Страница 9 из 56
Мириам. Не знаю… На первый взгляд… не думаю!..
Мишель. А для меня это история подлинная!.. Я мог бы сыграть хоть завтра и кривого, и даже самого Якова из Кобрина, мне они понятны, и я люблю их. И наоборот, другая история, которую Морис хочет в меня затолкнуть… Пусть я даже знаю, что так было на самом деле, я не могу в нее поверить… О! Когда действие происходит на острове Дьявола или в тюрьме, где надо стонать, молча страдать, и прочее, и прочее… тогда еще ладно, ничего, но когда надо провозглашать свою невинность, свою любовь к знамени, к Франции, к армии, тут!.. Ничего, я в ступоре, полная пустота.
Мириам.
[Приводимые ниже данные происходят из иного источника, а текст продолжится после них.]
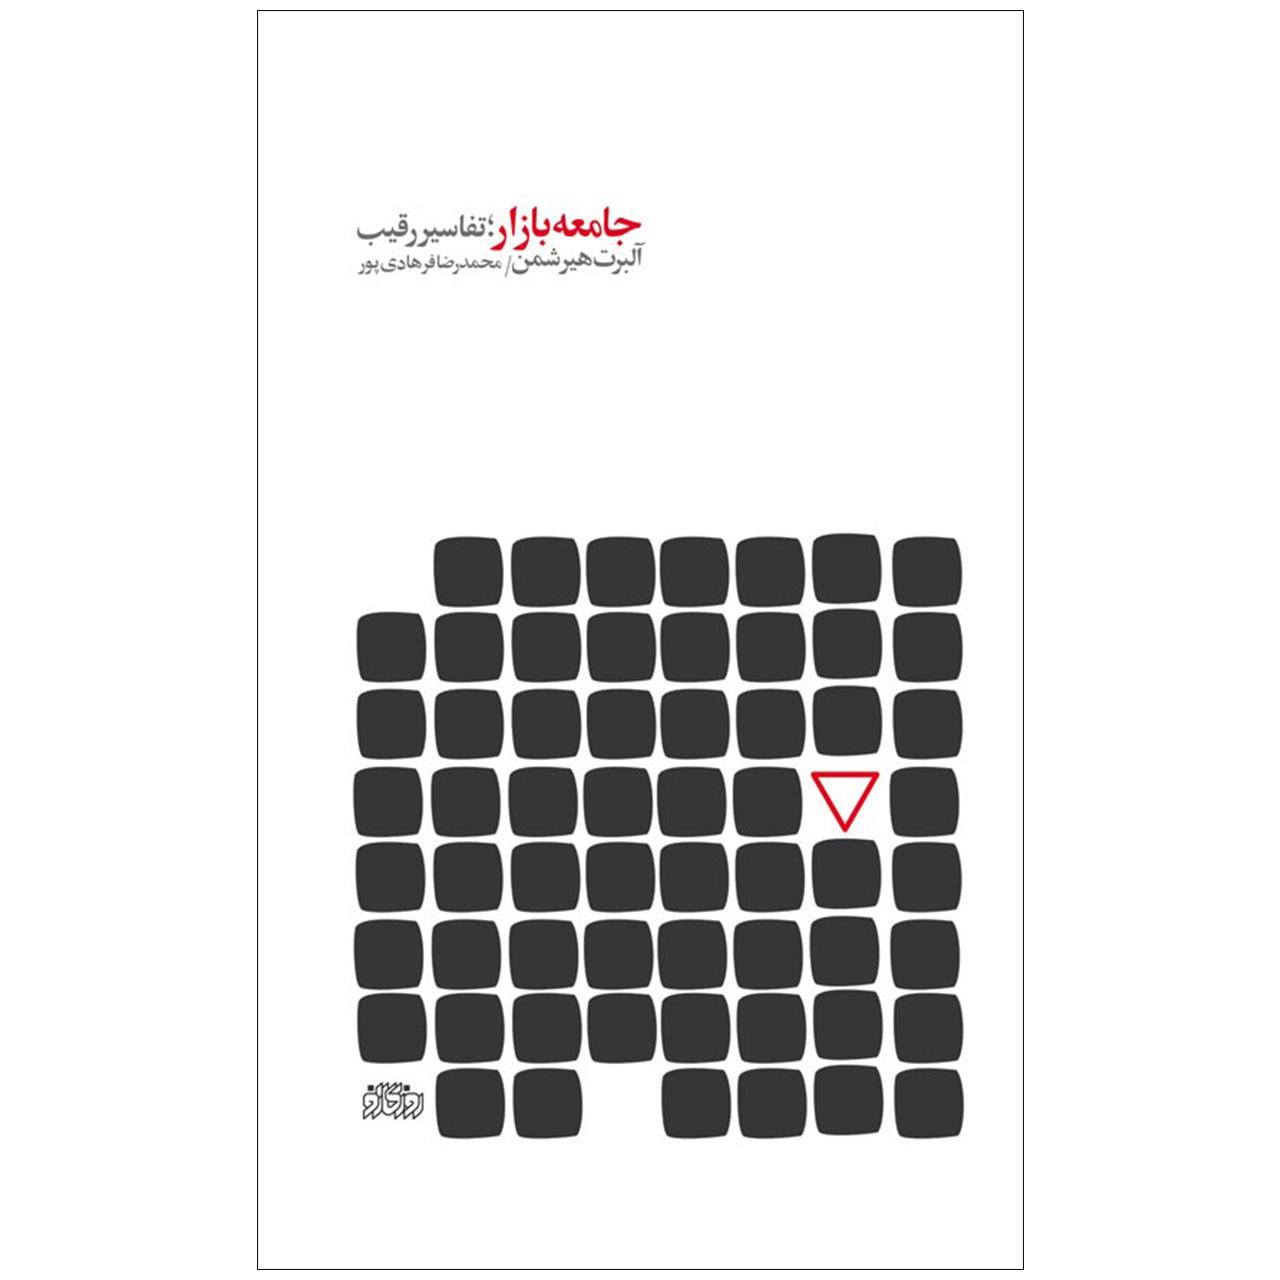 خرید                      کتاب جامعه بازار؛ تفاسیر رقیب اثر آلبرت هیرشمن نشر پگاه روزگار نو

На самом деле понять не так уж и трудно…
Мишель. А мне трудно. Кстати, тут ведь не только понять надо, но и принять, а я этого человека не принимаю — всегда спокоен, вежлив, разве у него нет повода поволноваться? Ну, пусть не плюнет им в рожу, но хотя бы отругает их, играть было бы легче…
Мириам. Что ты хочешь, он ведь не думал ни о тебе, ни о твоих исполнительских проблемах…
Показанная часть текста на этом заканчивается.